= What you need to do =
Everything in the data gets repeated exactly, except for the pictures.

= Exercise data =
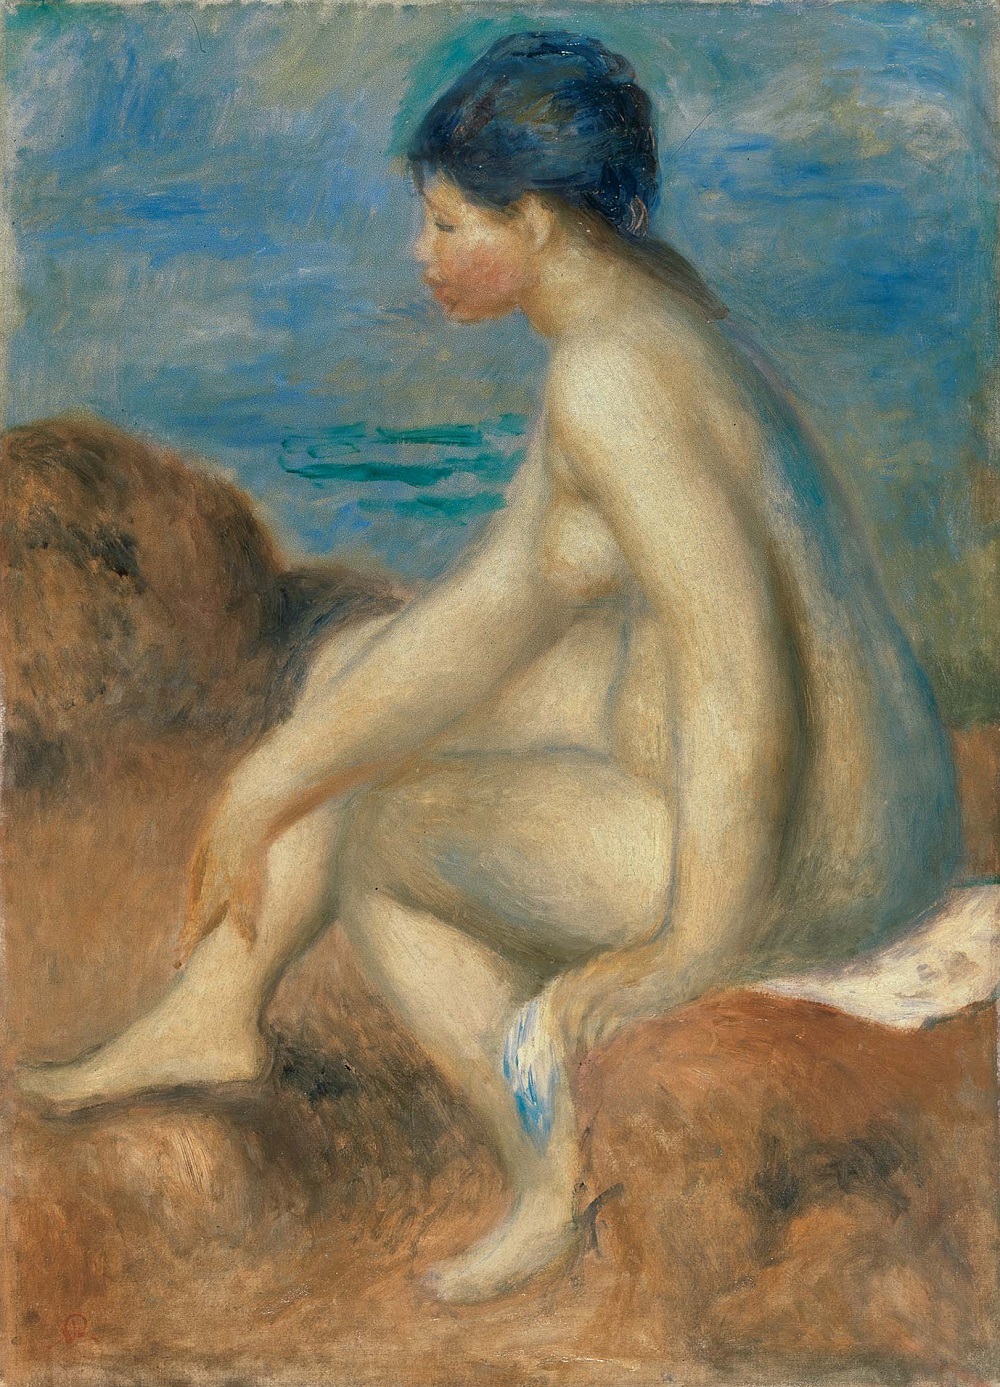 ピエール＝オーギュスト・ルノワール《浴女》1892-93年頃、油彩・キャンヴァス、53.5×38.0㎝
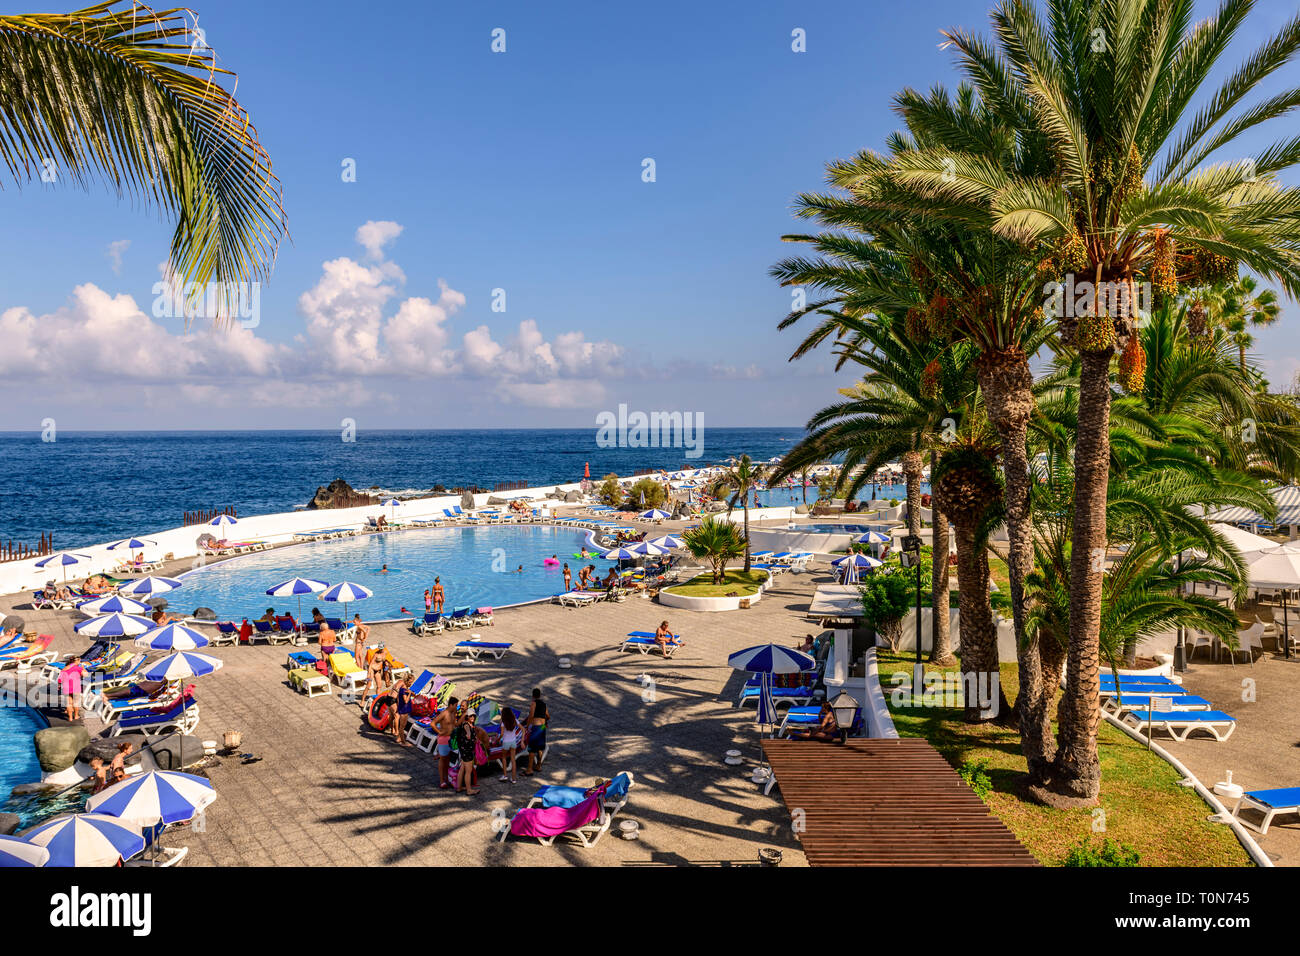 View of the water park, puerto de la cruz, Tenerife Stock Photo - Alamy
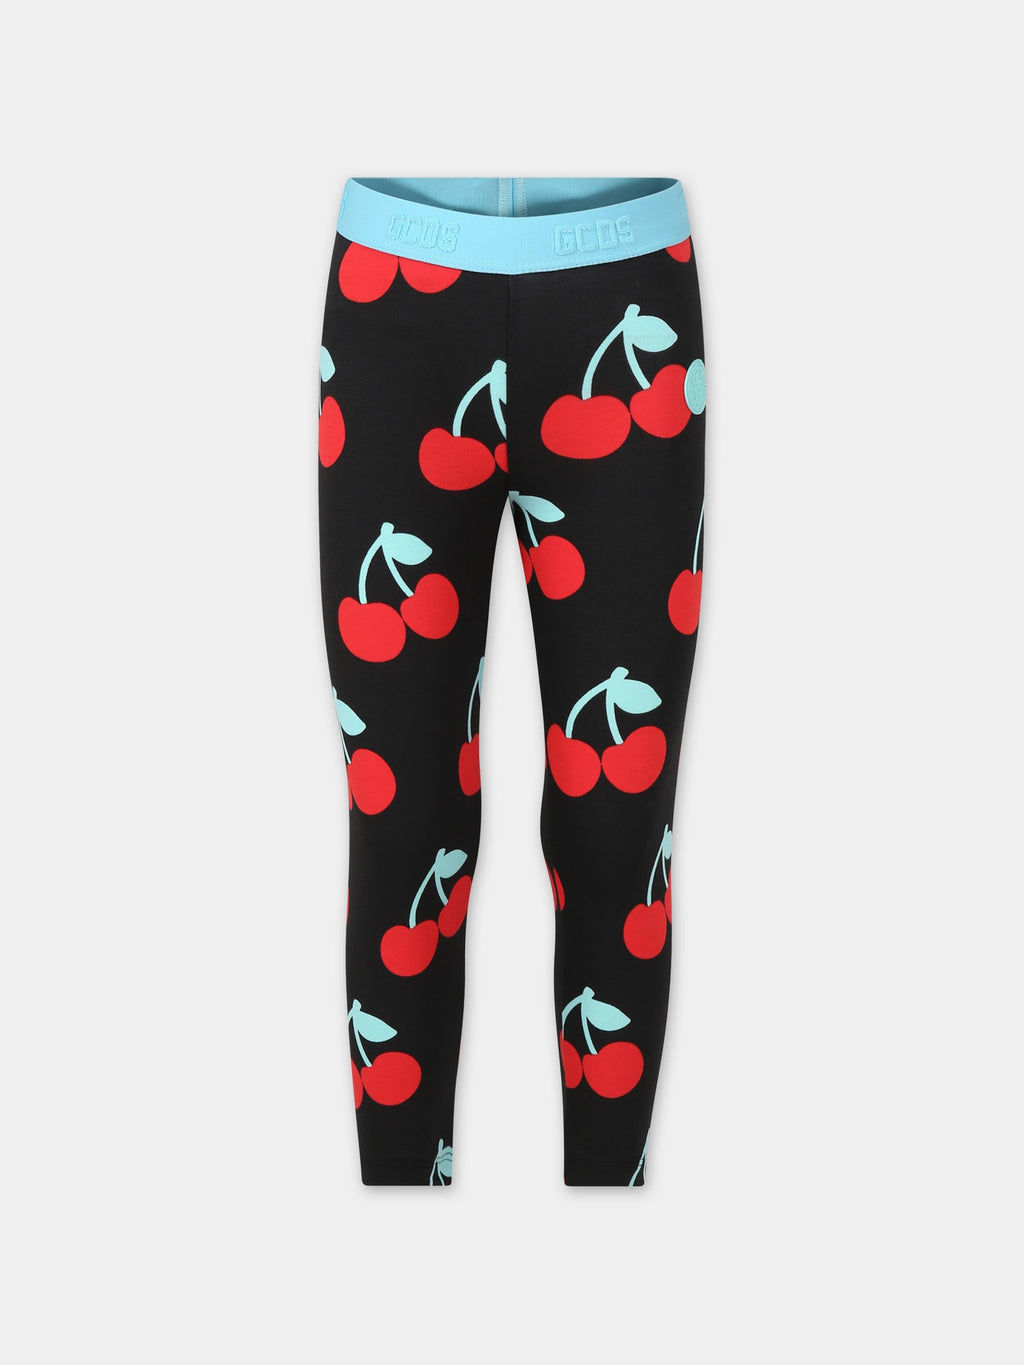 Black leggings for girl with cherries

= Task response =
 ピエール＝オーギュスト・ルノワール《浴女》1892-93年頃、油彩・キャンヴァス、53.5×38.0㎝
 View of the water park, puerto de la cruz, Tenerife Stock Photo - Alamy
 Black leggings for girl with cherries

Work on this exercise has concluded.